Data segment:

====

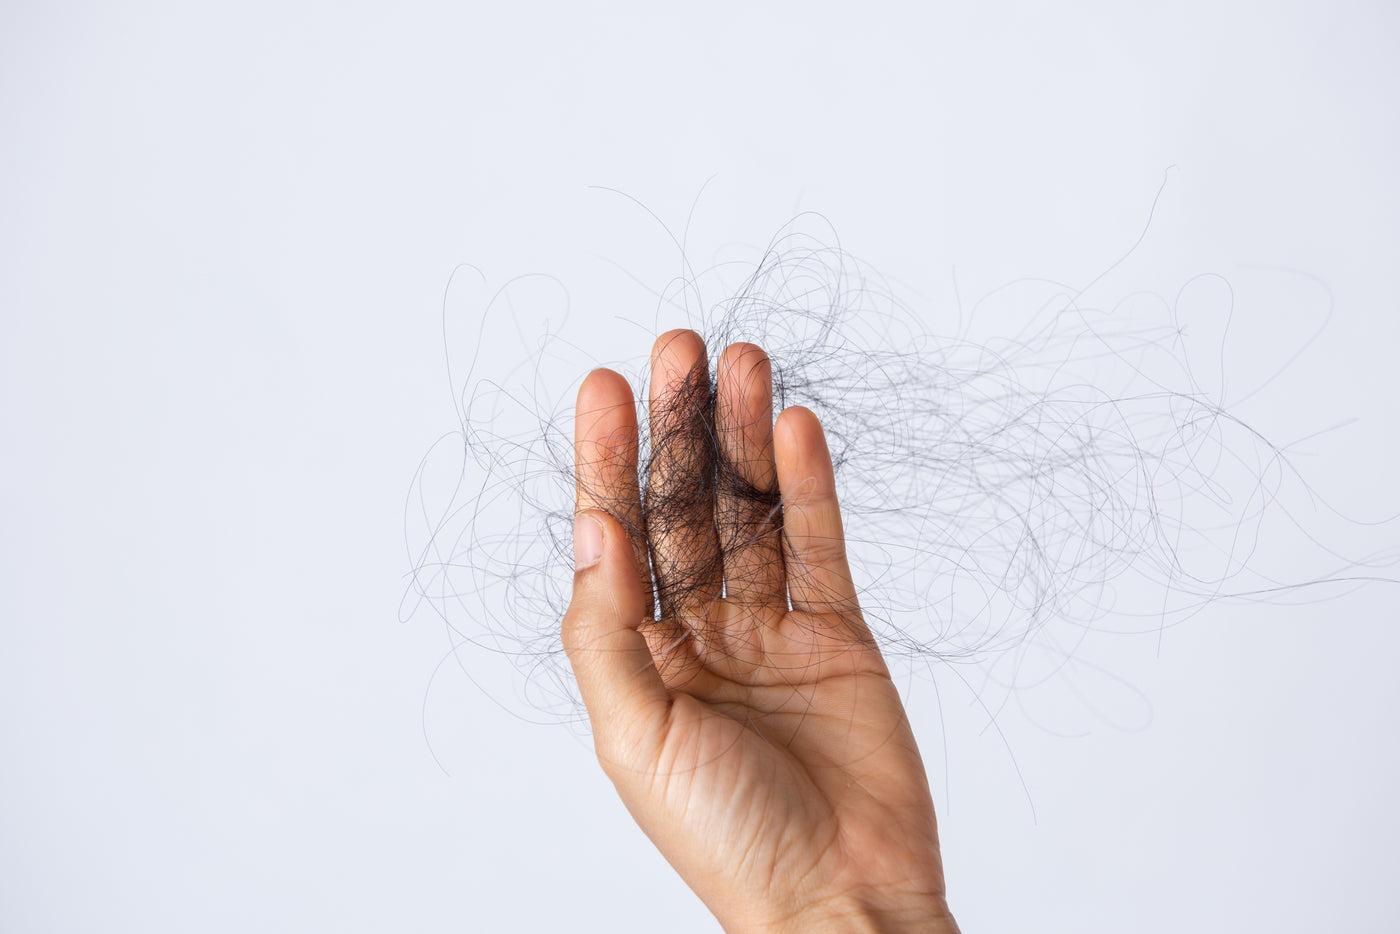 How Much Hair Loss Is Normal?
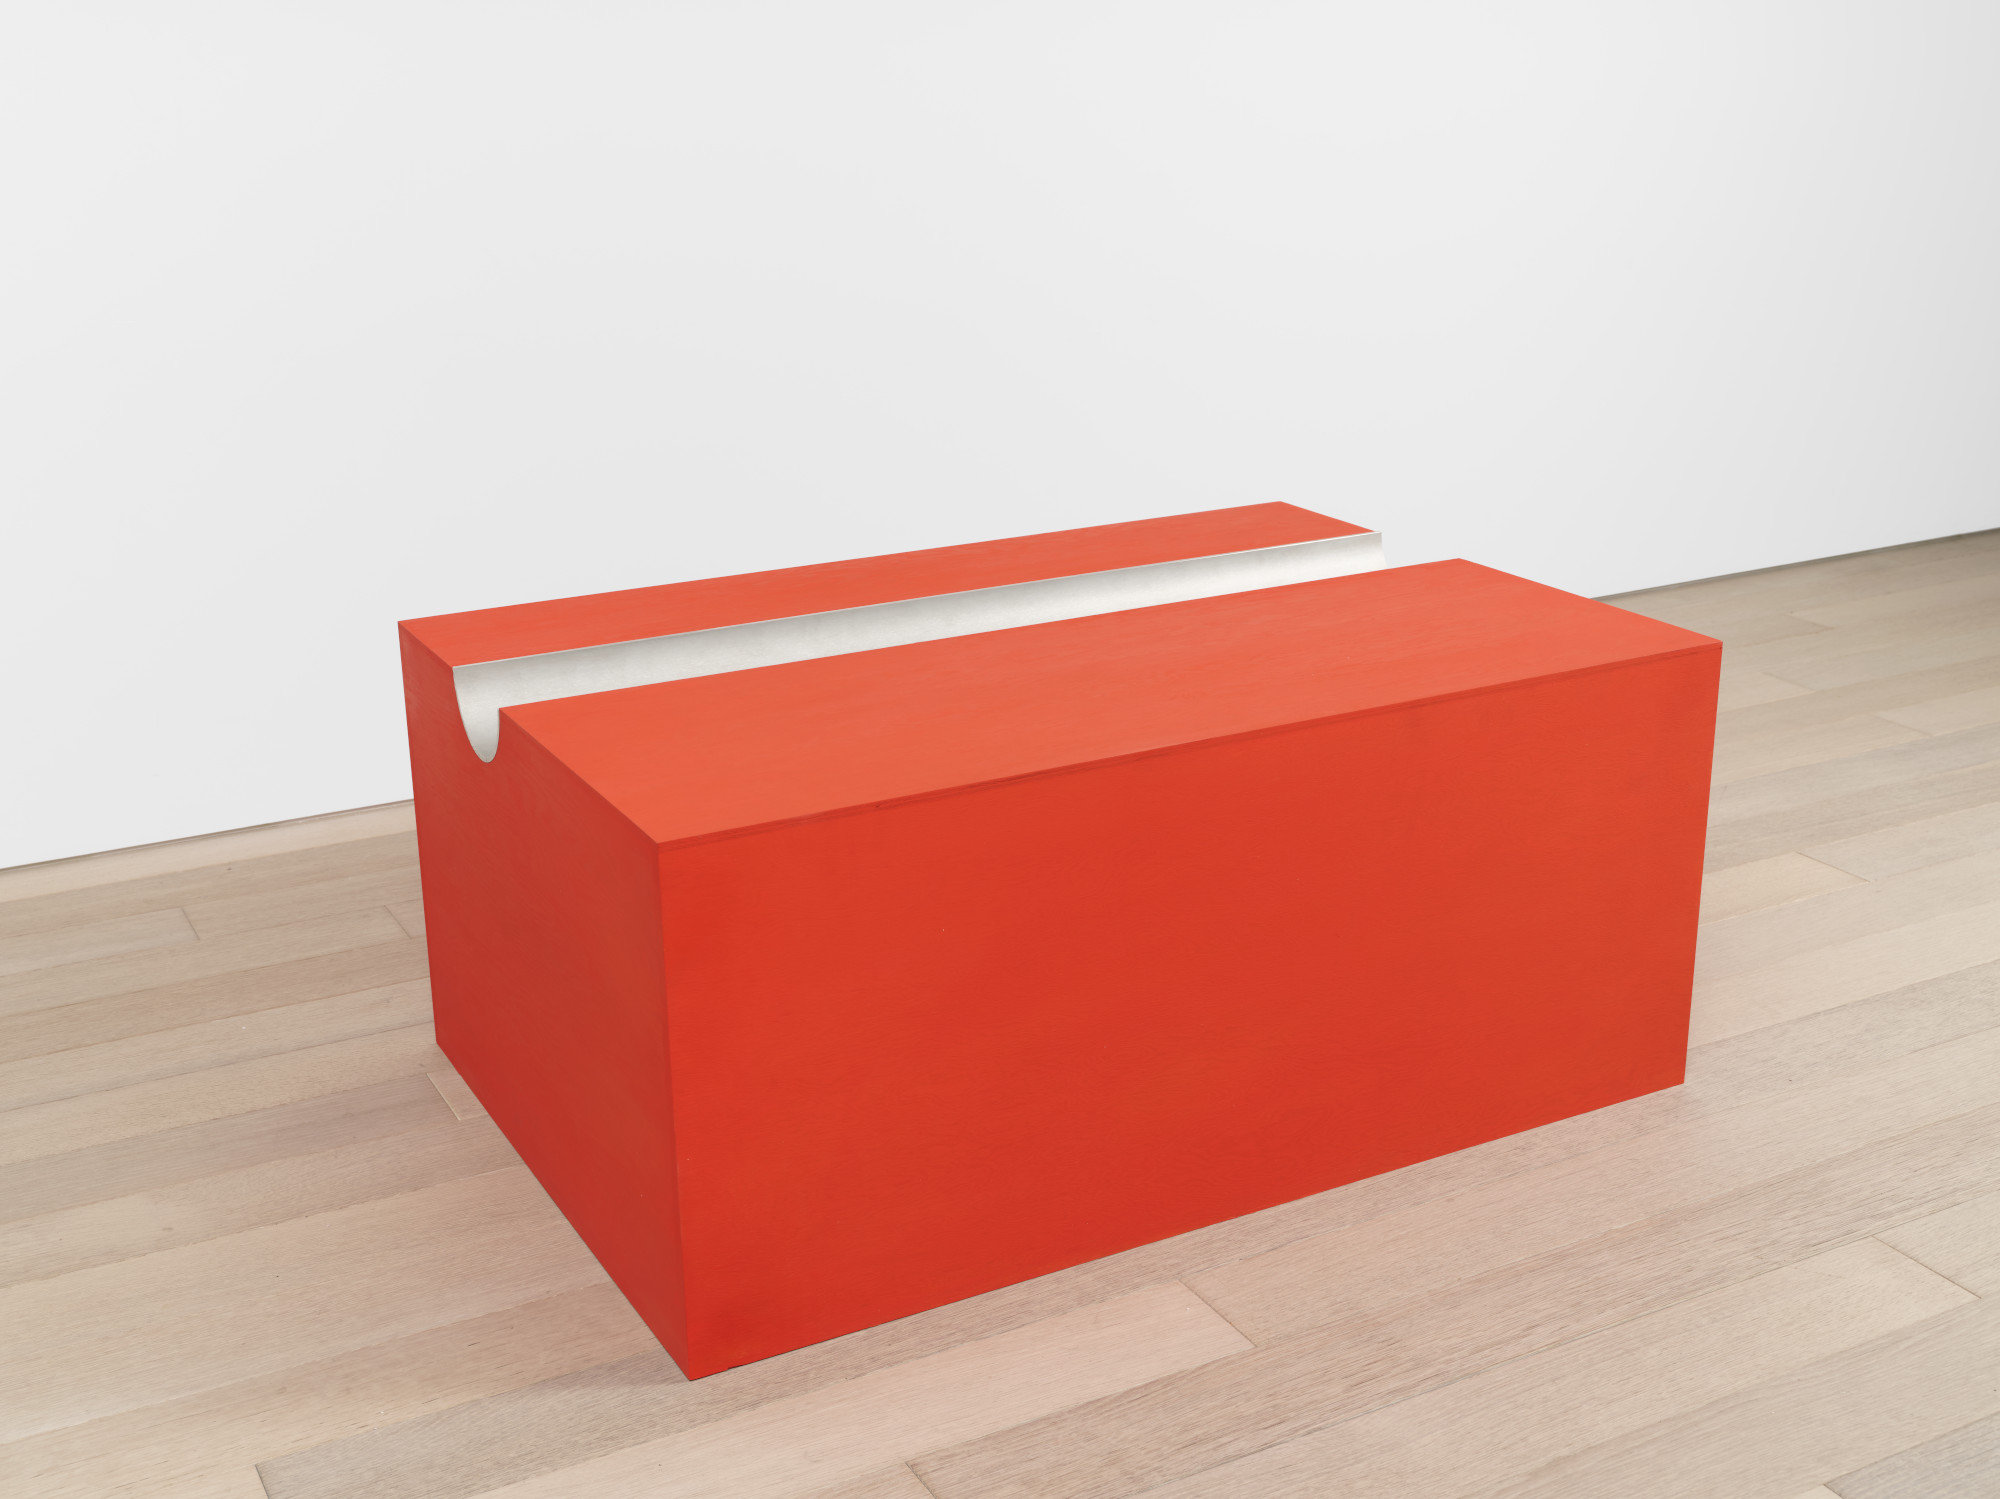 Exhibition Of Donald Judd Objects And Prints At The Gagosian New York
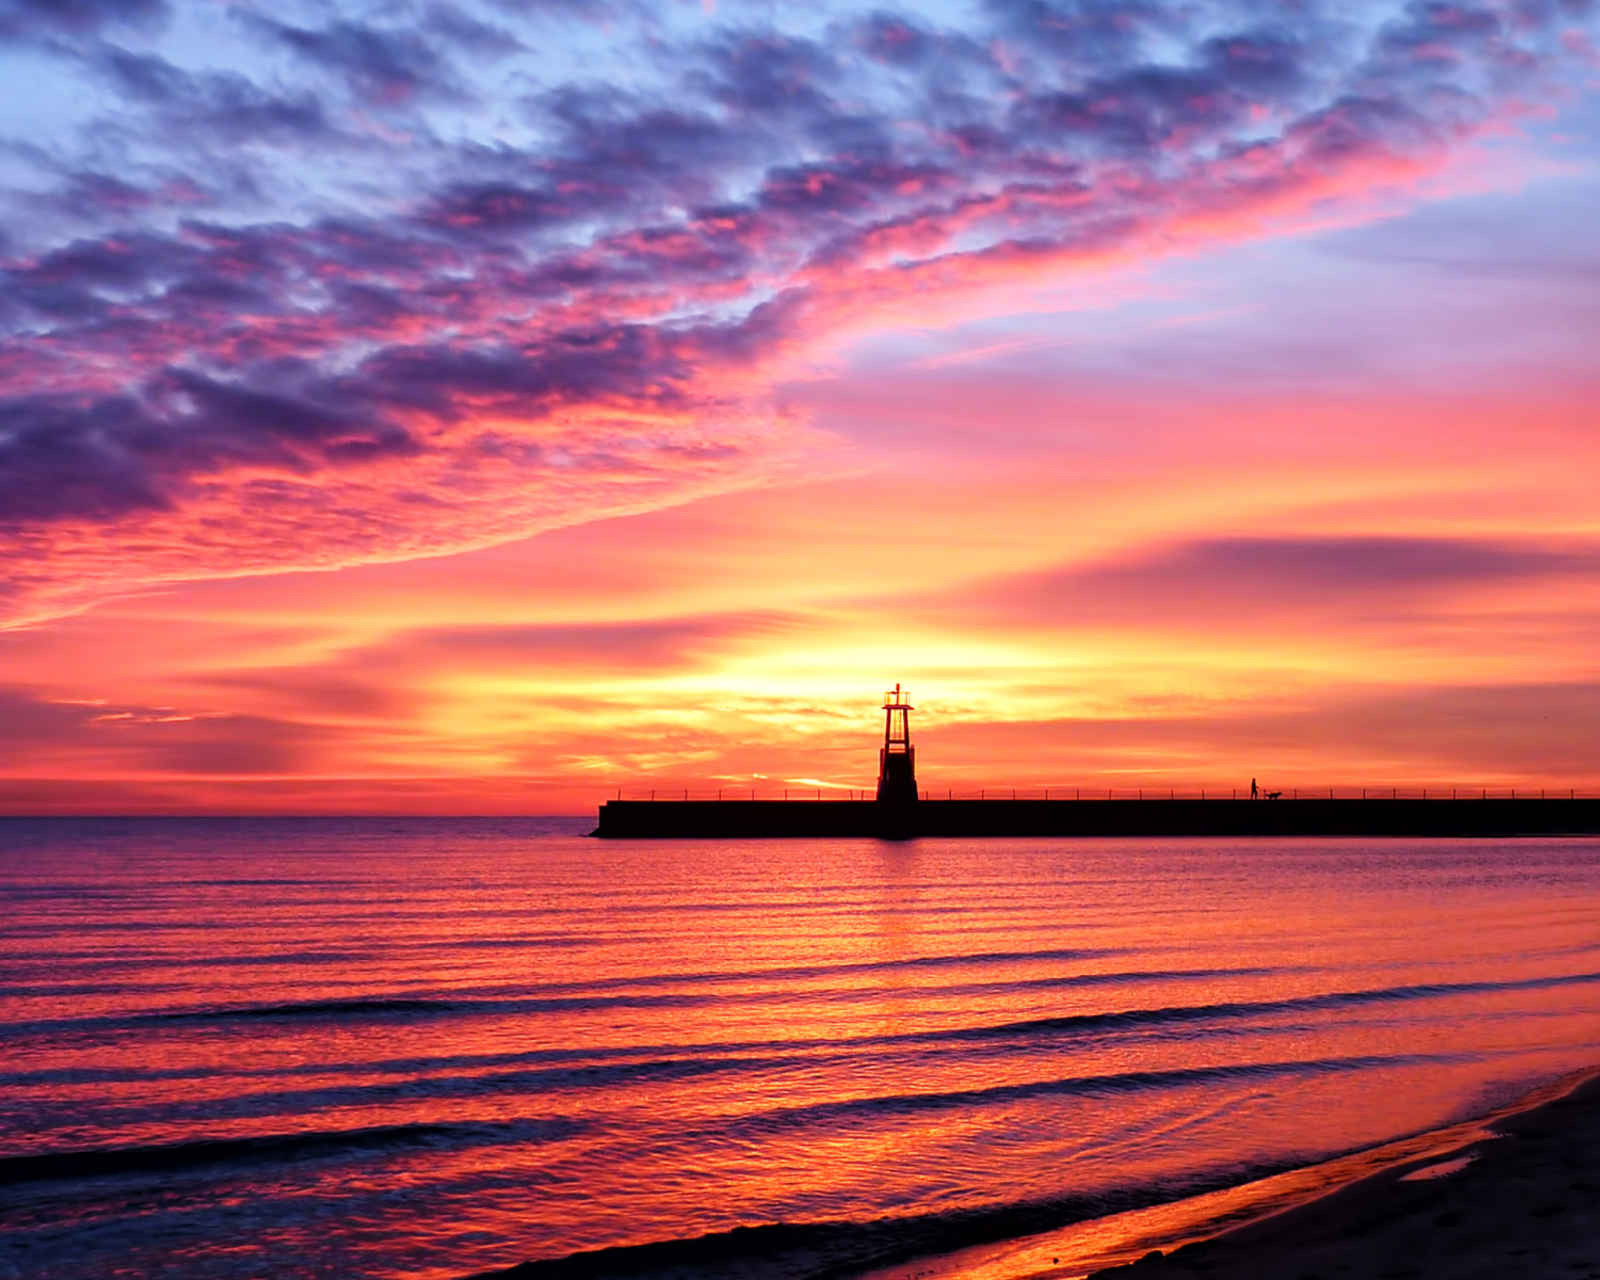 Lighthouse And Red Sunset Beach wallpaper 1600x1280
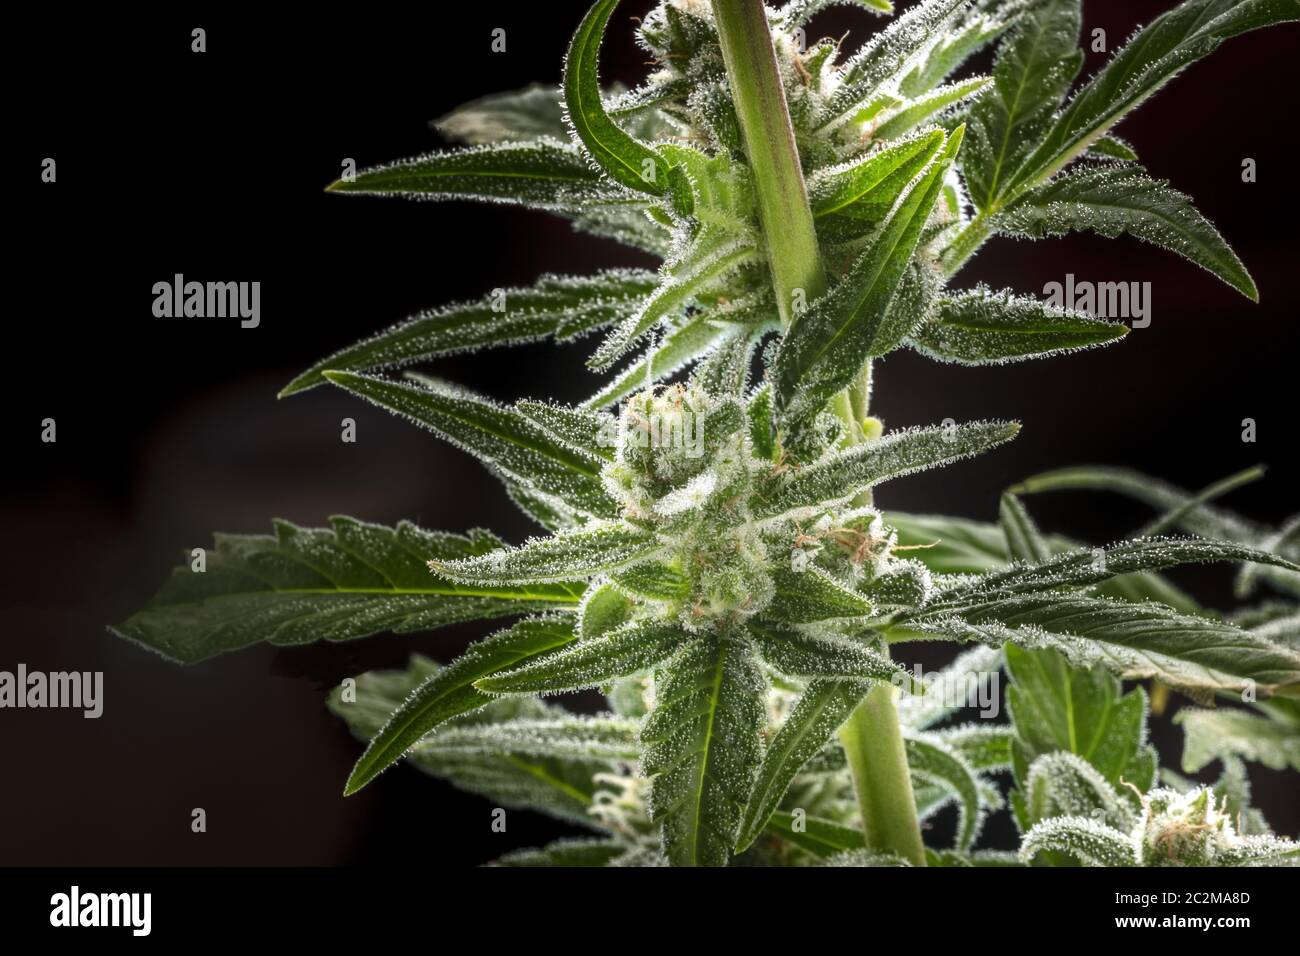 A close-up of flowering cannabis buds with stigmas and trichomes before harvest, macro shot on a black bakground Stock Photo

====

The response must match the data line for line, from its first line through the line with "Lighthouse And Red", inclusive, and must leave out the pictures.

 How Much Hair Loss Is Normal?
 Exhibition Of Donald Judd Objects And Prints At The Gagosian New York
 Lighthouse And Red Sunset Beach wallpaper 1600x1280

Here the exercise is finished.